But what if an algorithm could predict death? In late 2016 a graduate student named Anand Avati at Stanford’s computer-science department, along with a small team from the medical school, tried to “teach” an algorithm to identify patients who were very likely to die within a defined time window. “The palliative-care team at the hospital had a challenge,” Avati told me. “How could we find patients who are within three to 12 months of dying?” This window was “the sweet spot of palliative care.” A lead time longer than 12 months can strain limited resources unnecessarily, providing too much, too soon; in contrast, if death came less than three months after the prediction, there would be no real preparatory time for dying — too little, too late. Identifying patients in the narrow, optimal time period, Avati knew, would allow doctors to use medical interventions more appropriately and more humanely. And if the algorithm worked, palliative-care teams would be relieved from having to manually scour charts, hunting for those most likely to benefit.

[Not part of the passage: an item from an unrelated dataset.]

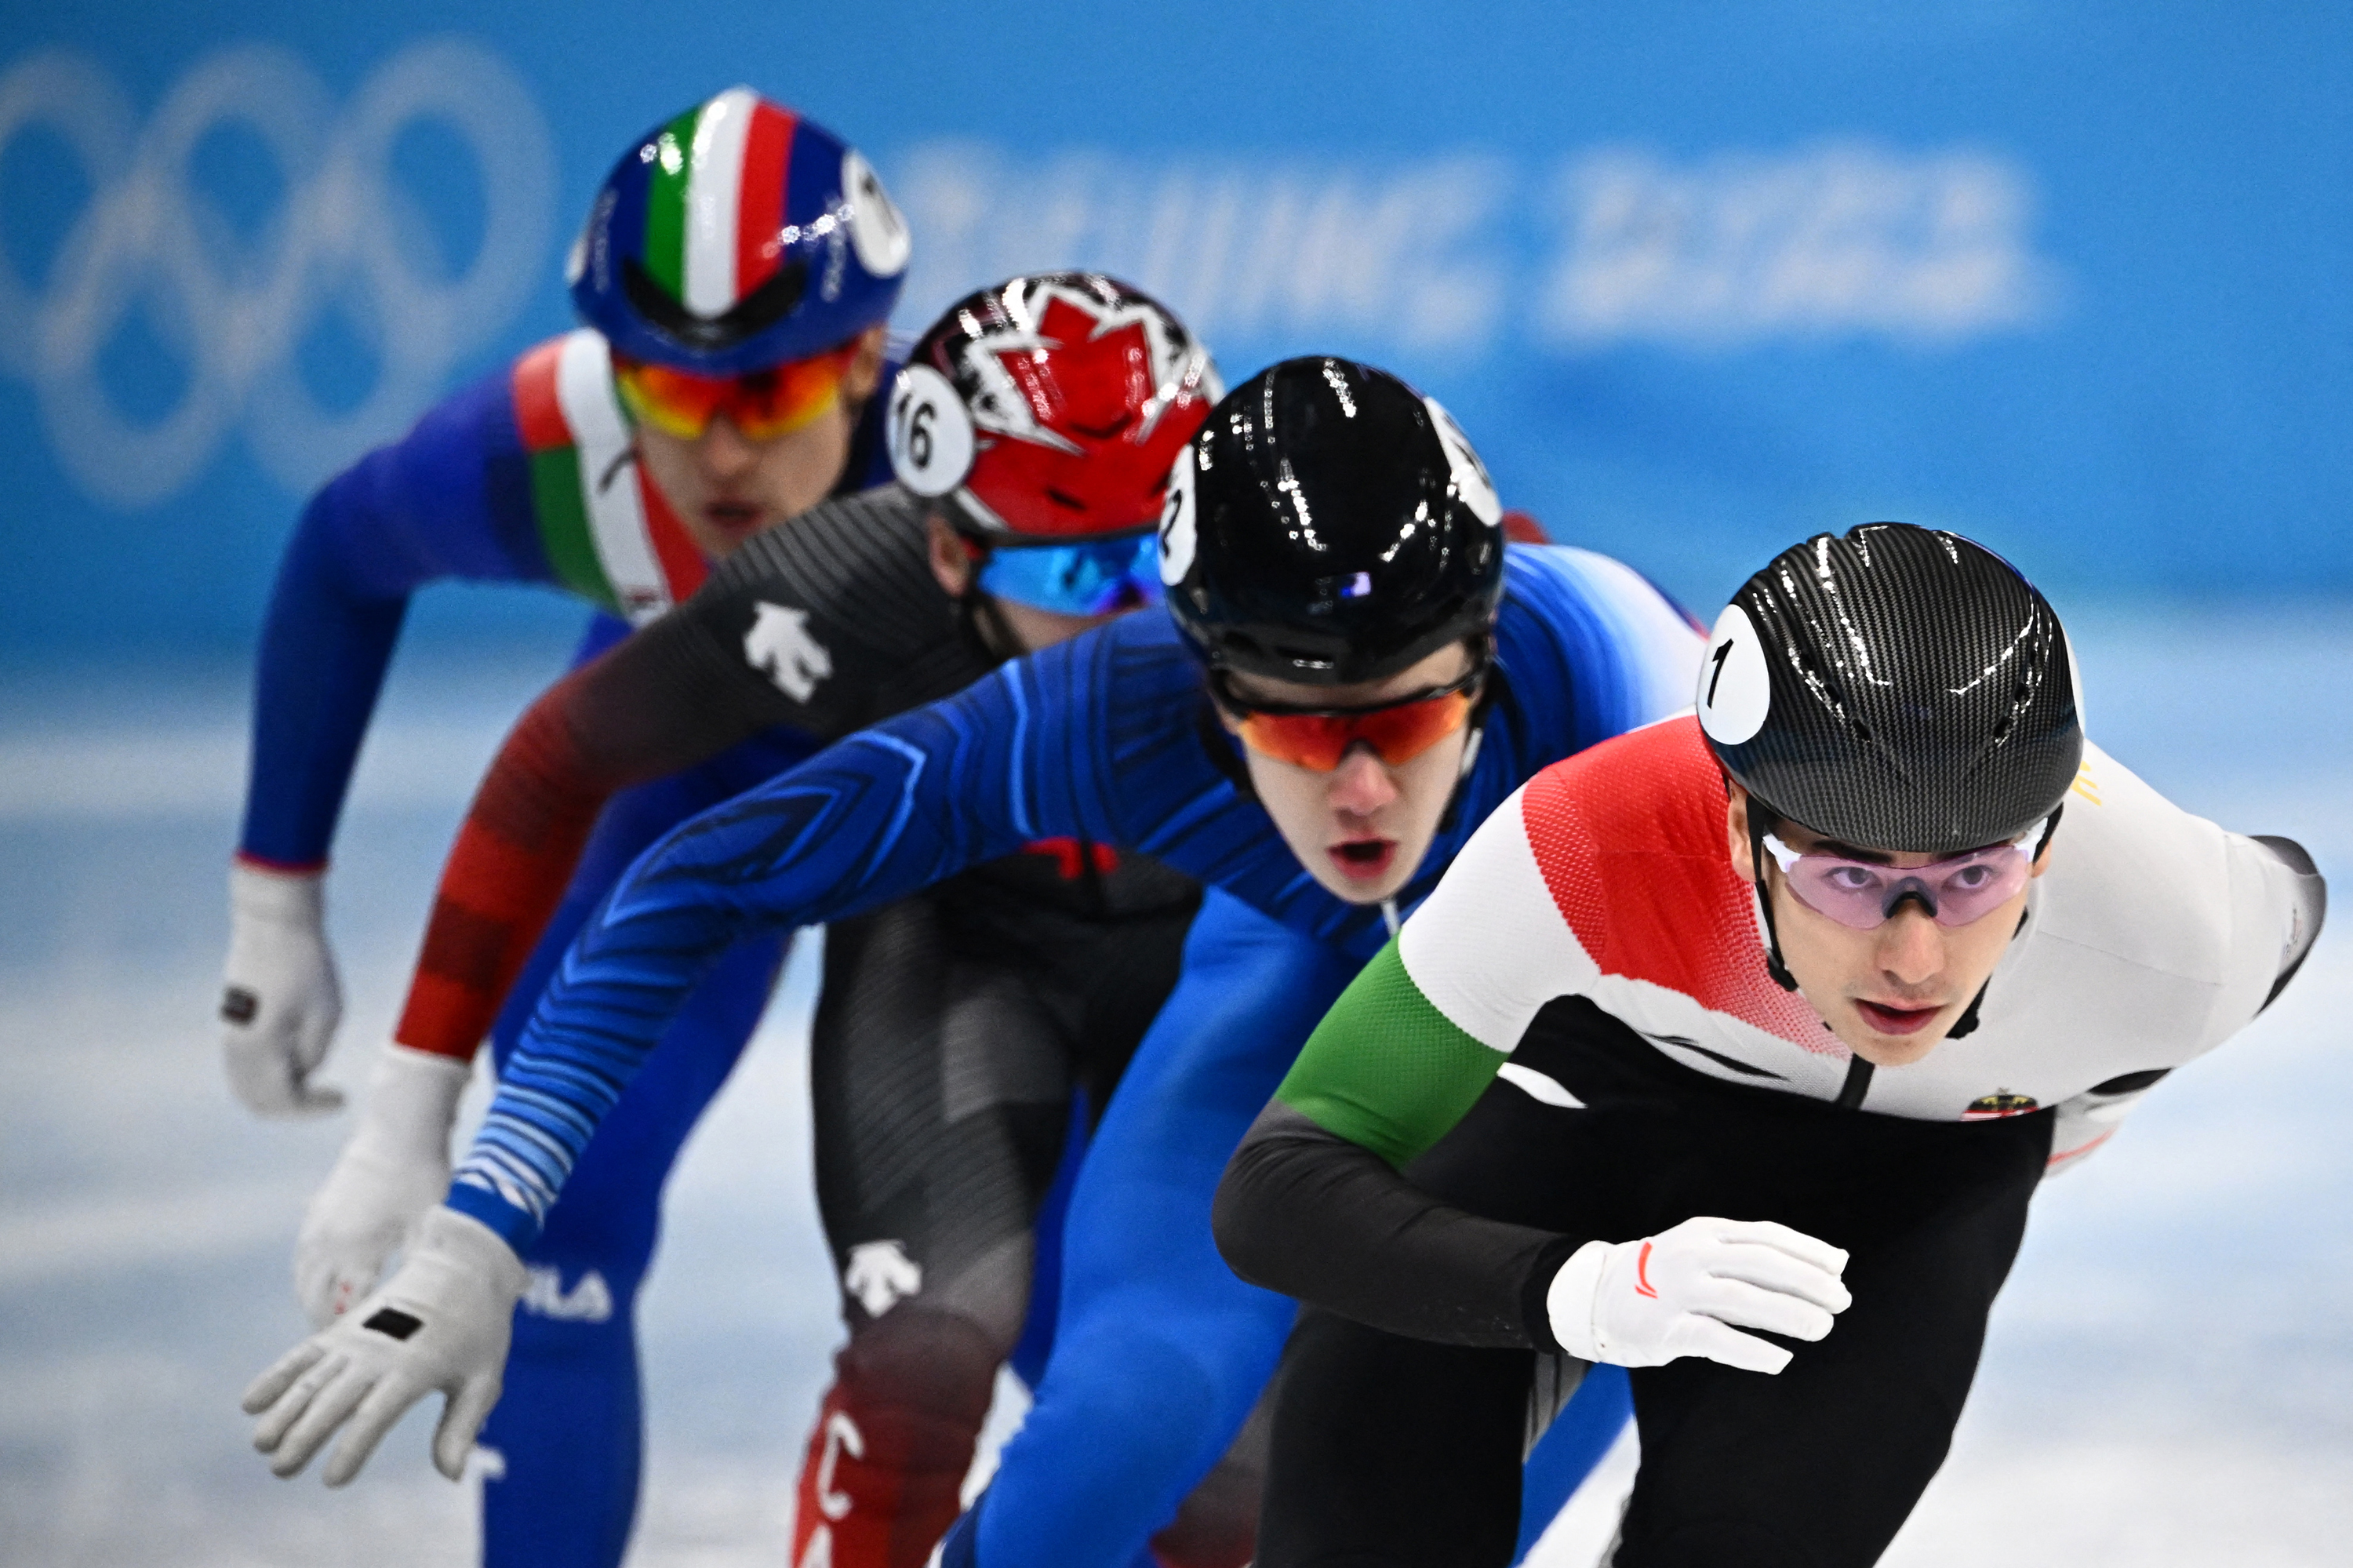 Hungary's Shaoang Liu leads in the men's 500m short track speed skating event on February 13. 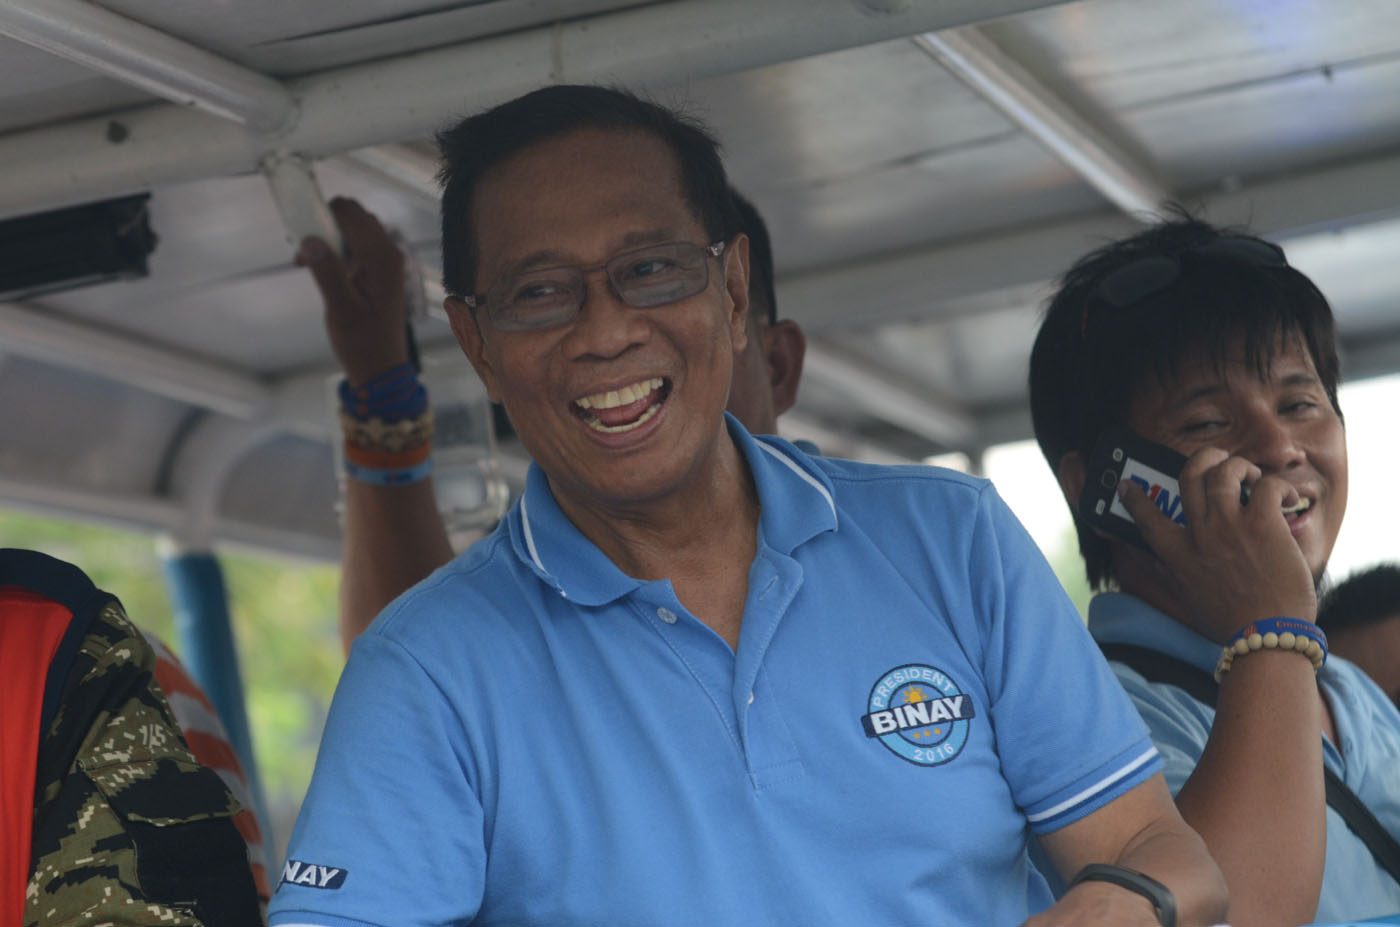 Binay in Western Visayas: ‘I have many silent supporters here’

Avati and his team identified about 200,000 patients who could be studied. The patients had all sorts of illnesses — cancer, neurological diseases, heart and kidney failure. The team’s key insight was to use the hospital’s medical records as a proxy time machine. Say a man died in January 2017. What if you scrolled time back to the “sweet spot of palliative care” — the window between January and October 2016 when care would have been most effective? But to find that spot for a given patient, Avati knew, you’d presumably need to collect and analyze medical information before that window. Could you gather information about this man during this prewindow period that would enable a doctor to predict a demise in that three-to-12-month section of time? And what kinds of inputs might teach such an algorithm to make predictions?
Avati drew on medical information that had already been coded by doctors in the hospital: a patient’s diagnosis, the number of scans ordered, the number of days spent in the hospital, the kinds of procedures done, the medical prescriptions written. The information was admittedly limited — no questionnaires, no conversations, no sniffing of chemicals — but it was objective, and standardized across patients.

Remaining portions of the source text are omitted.